The bench noted that the establishment of Greater Noida was done for a noble purpose, i.e., to accommodate in the city all those who came travelling from every corner of the country in search of a better life.
“While doing so however, as can be seen in the present case, some residents whose land was subject to acquisition in the pursuit of the said aim, were faced with discrimination. In such circumstances, it becomes the duty of this court to dispense justice, and rectify the harm caused to those at the receiving end of the discrimination,” said Justice Murari.
The bench concluded that it is of the opinion that the classification made by both the executive actions is bad in law, and is liable to be set aside.
“The Land Acquisition Act does not envisage any differential compensation on the basis of such classification, and hence, this court must infer the compensation to be provided by the executive actions within the confines of Section 23 of the Act,” it said.
The bench noted that the objective of the said classification might have been noble, however, such classification only on the basis of conjectures and surmises cannot be sustained.

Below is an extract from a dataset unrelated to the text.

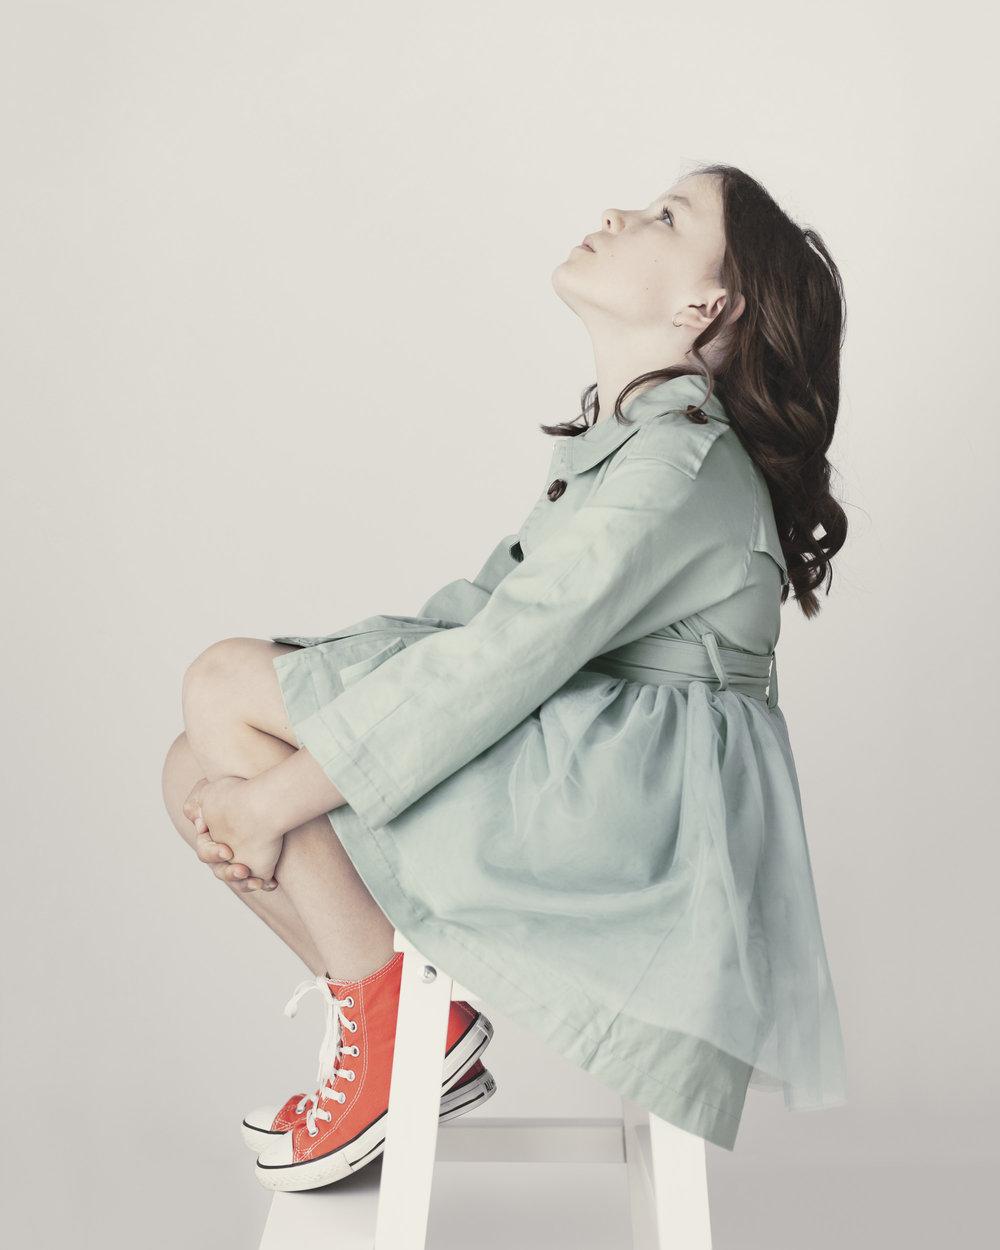 marina-mcdonald-child-portrait-photography-portfolio-canberra-child-looking-up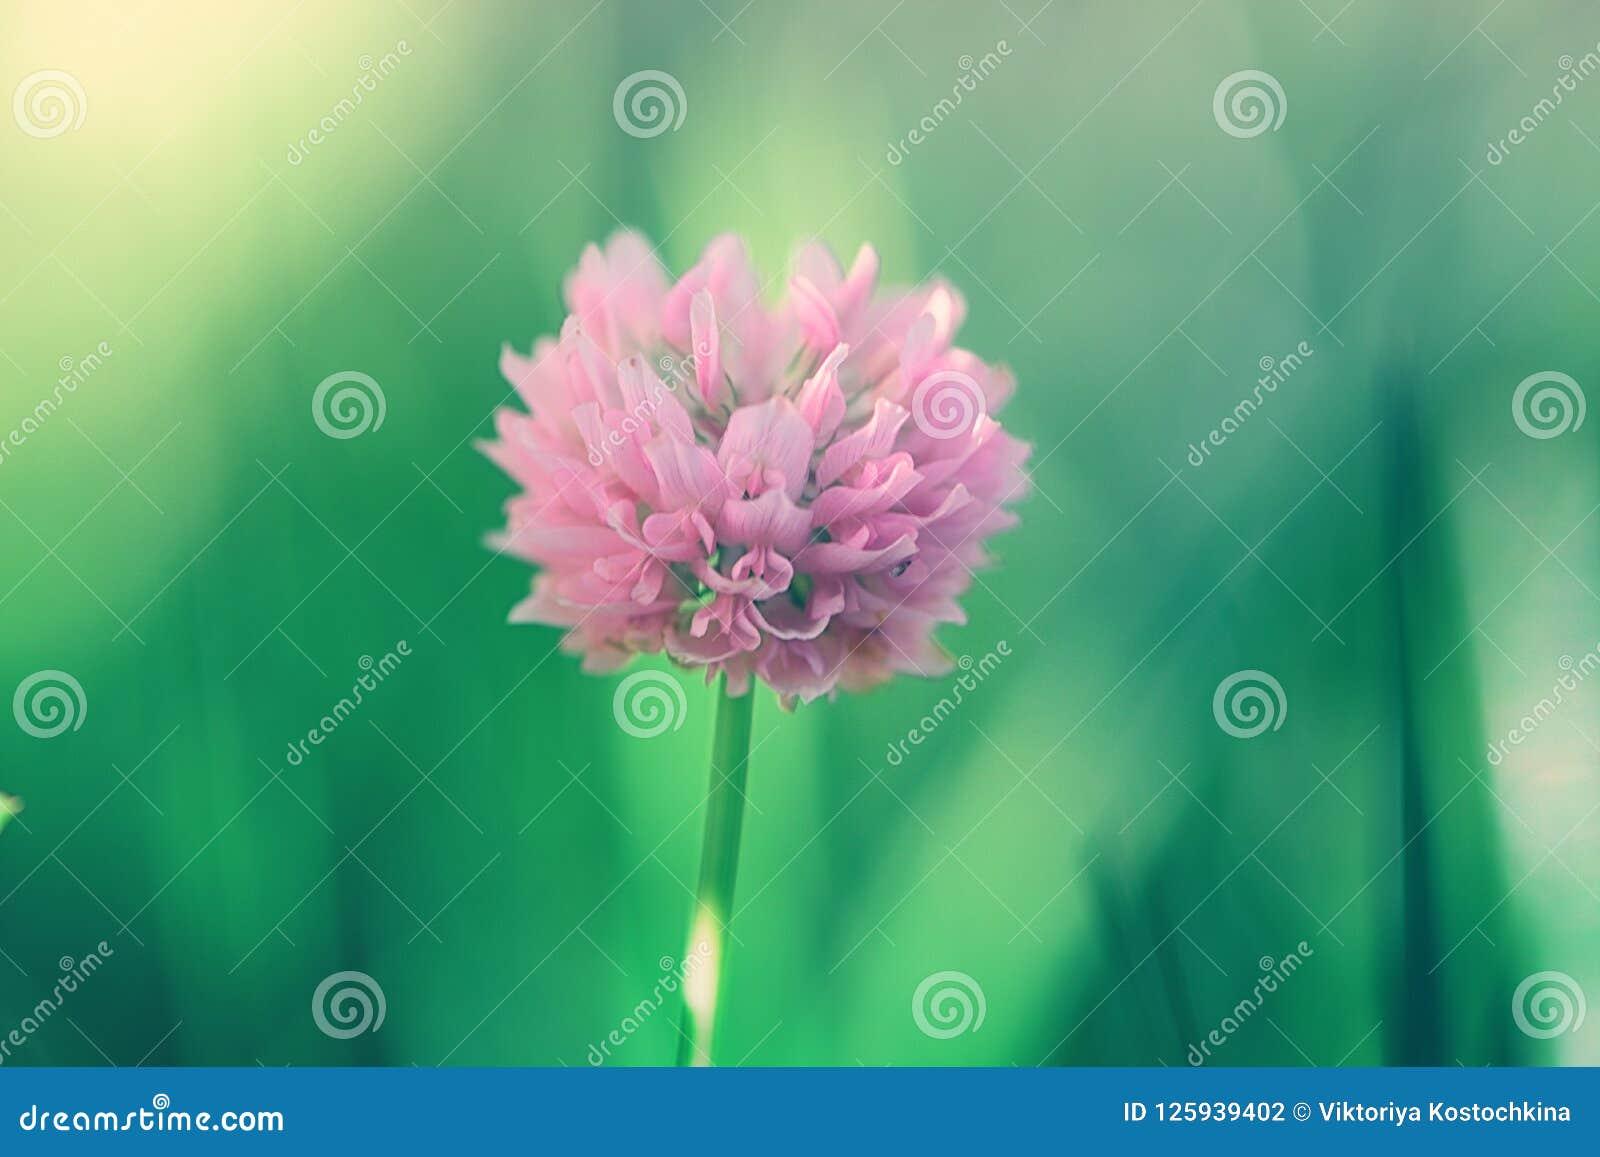 Pink clover in a green grass

“If a claim is being made to differentiate between class of persons, such a claim must be backed by empirical data. While this court is not a fact-finding court and is a court of law, however, the law must also not be understood in isolation, but in the context in which it exists, as the law does not exist like an object within the statutes, but lives and evolves with the people it governs,” the bench said.
It framed legal questions while examining the matter and answered them in favour of the appellants, who were a group of landholders.
The apex court set aside the Allahabad High Court’s full bench decision of March 30, 2018, upholding the authorities’ order to provide additional compensation to ‘Pushtaini’ landholders for the land acquired.
Senior advocates Pradeep Kant represented the appellants, Ravindra Kumar Greater Noida, and Additional Advocate General Ravindra Kumar Raizada represented the Uttar Pradesh government.